Frequently Asked Questions

  • What makes MiniMax M2 different from a standard chat model?

    MiniMax M2 targets agentic workflows. It's trained for multi-step task sequences, tool calls, and autonomous decision-making rather than single-turn conversation.

  • How does the MoE active-parameter design affect performance?

    Only 10B of the 230B total parameters activate per forward pass. That keeps inference cost proportional to the active subset while the full parameter space retains broad capability. See https://www.minimax.io/news/minimax-m2 for architecture details.

  • Do I need a MiniMax account to use MiniMax M2 on AI Gateway?

    No. You only need an AI Gateway API key. AI Gateway handles provider authentication for you.

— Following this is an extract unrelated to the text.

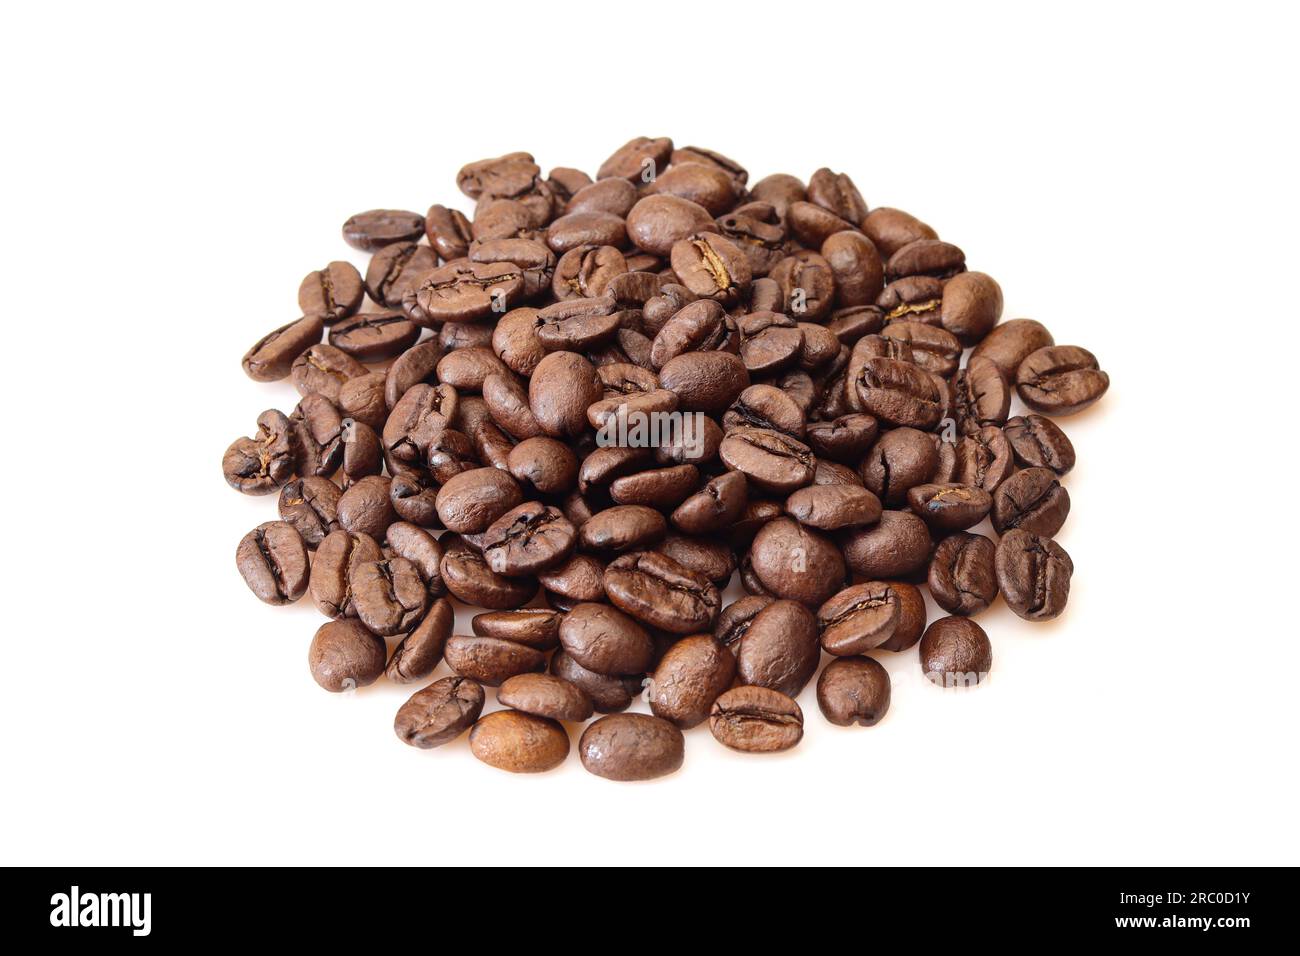 Ein Haufen gerösteter arabica-Kaffeebohnen, isoliert auf weißem Hintergrund Stockfoto

  • Can I use MiniMax M2 as a fallback model in a multi-provider setup?

    Yes. AI Gateway supports configurable failover. You can route to MiniMax M2 as a primary or fallback option alongside other models.

  • How does MiniMax M2 compare to later models in the MiniMax series?

    Later releases (M2.1, M2.5, M2.7) improved coding quality, instruction following, and task throughput. MiniMax M2 remains an option for cost-conscious agentic tasks.

  • What observability features does AI Gateway provide for MiniMax M2?

    You can track token usage, latency, cost, and request outcomes in your project dashboard. No extra instrumentation is required in your application code.

  • What is the context window for MiniMax M2?

    MiniMax M2 supports a context window of 205K tokens and a max output of 205K tokens per request.